Fluffy Pancakes, the gourmet trend from Japan
The fluffy pancakes , it is the soft recipe that seduces gourmets! Focus on a gourmet trend from the land of the rising sun,
The fluffy pancakes it’s what ?
Literally “soft, fluffy, airy pancakes”them fluffy pancakes are a Japanese specialty. In their country of origin, they are called “hottokeki“. What makes them successful? Their texture fluffy, fondant and their great photogenicity due to their incredible thickness (compared to pancakes ‘classics’)! This is obtained thanks to whipped egg whites and incorporated directly into the dough. Consumed in Japan for centuries, fluffy pancakes have now become the stars of brunches and breakfasts!
How to make fluffy pancakes ?
Want to try this sweetness from Asia? It’s quite simple! The achievement of fluffy pancakes doesn’t require great pastry skills…as long as you know how to whip egg whites. To obtain the bouncy and fluffy effect, you will nevertheless need a little of material : bring a non-stick pan, a lid, a stainless steel ring, an electric mixer (unless you prefer to beat the egg whites by hand!) and cook!
Follow our step-by-step recipe to make fluffy pancakes delightful !
On the networks, the recipes are legion, here are the ingredients you will need to prepare one of the best fluffy pancake recipes : 2 whole eggs; 1 egg white; 30g of flour; 40 g of sugar; 20ml whole milk; 10 ml vegetable oil (sunflower); 1 teaspoon of white vinegar; 1 packet of vanilla sugar or a teaspoon of vanilla extract; 1/2 packet of baking powder.
- For about 4 to 5 fluffy pancakes. Separate the whites from the yolks, reserve the whites. Whisk the 2 yolks with the milk and oil. Gradually add the flour mixed with the baking powder and the vanilla sugar or vanilla extract. Stir everything until you get a homogeneous mixture.

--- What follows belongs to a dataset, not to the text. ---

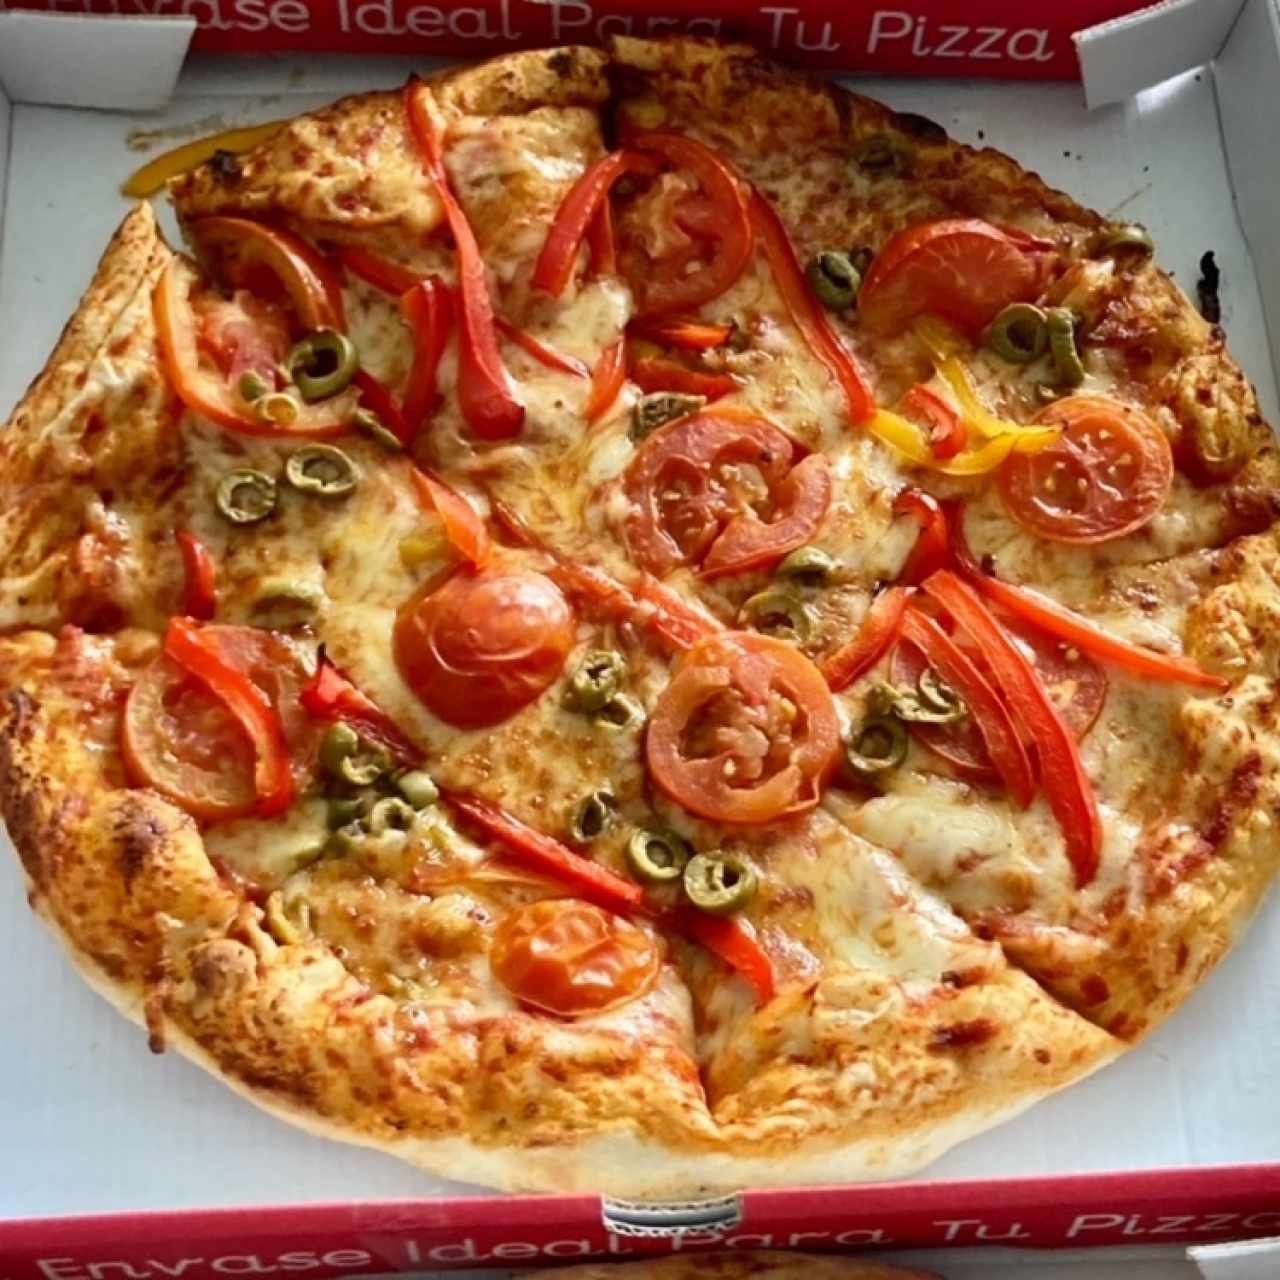 Pizzas - Pizza con Vegetales
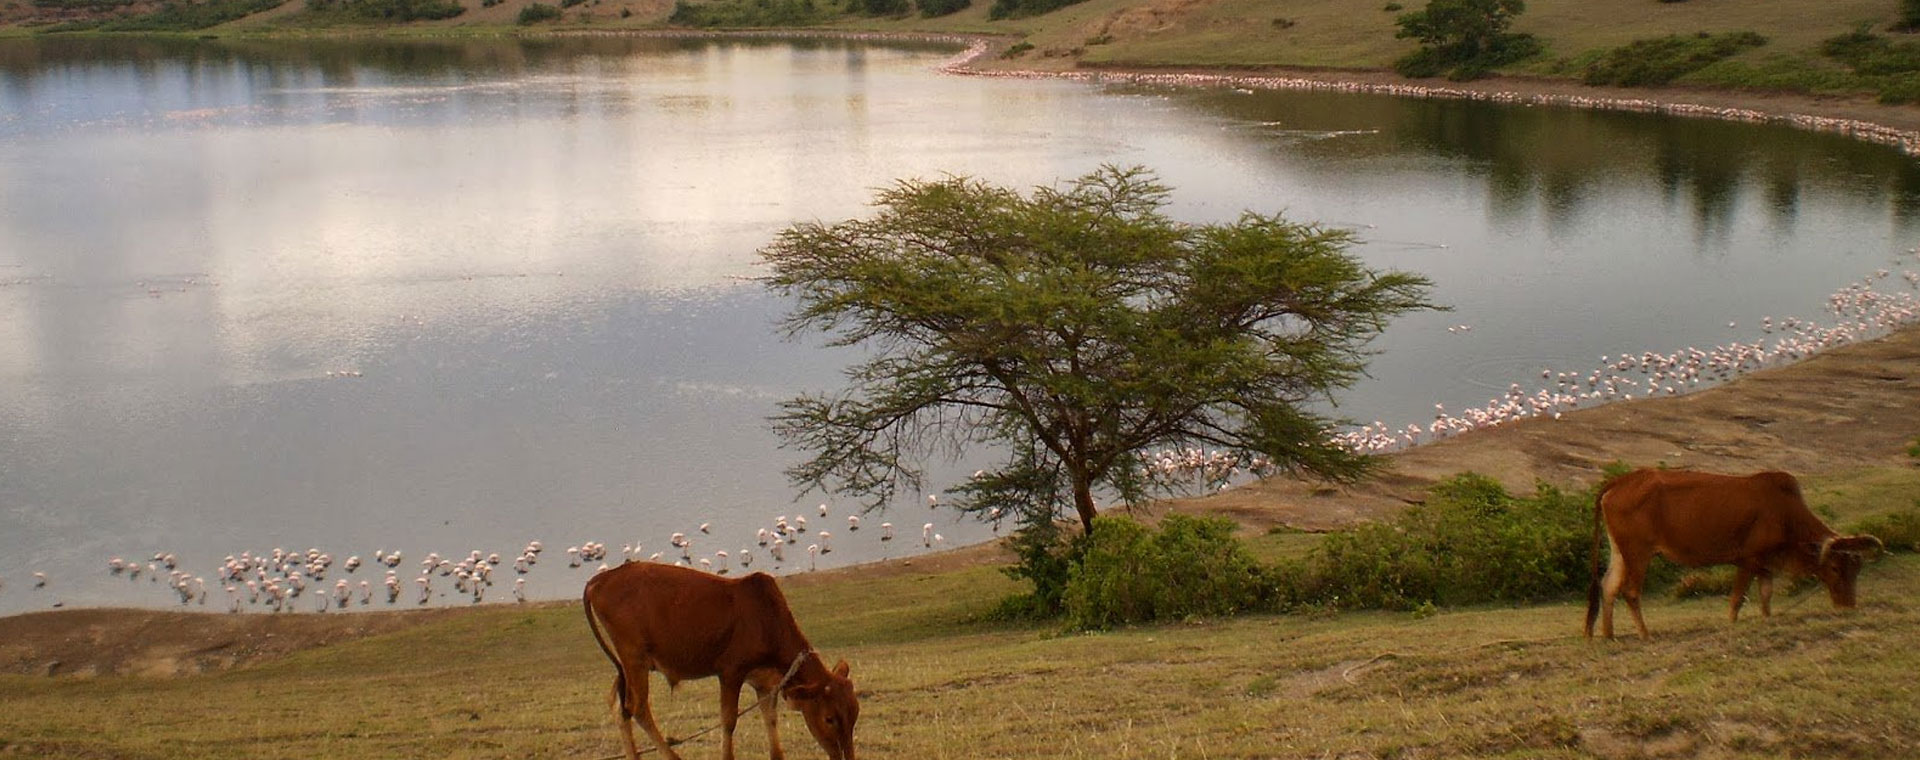 Lake Simbi National Santuary

- In the bowl of a mixer, beat the three egg whites with the teaspoon of white vinegar and the sugar. Beat until the whites are firm and form the famous “bird beak“. The vinegar allows the egg whites to hold together better and gives that incomparable fluffiness to the pancakes.
- Gently fold the egg whites into the batter, spoon by spoon, without breaking the egg whites. Don’t stir too hard.
- We move on to cooking. In a lightly buttered frying pan, place the stainless steel circle previously buttered on the inside, pour the batter until half of the circle and cover.
- Let the pancakes cook slowly over low heat. for 4 to 5 minutes covered, be careful even if you are in a hurry, too high a heat will burn them.
- Gently turn them over with a spatula to cook them on the other side for 3 to 4 minutes to finish cooking.
- Taste the fluffy pancakes without waiting, still warm with seasonal fruits, melted chocolate, maple syrup or icing sugar to accompany a cup of tea or coffee.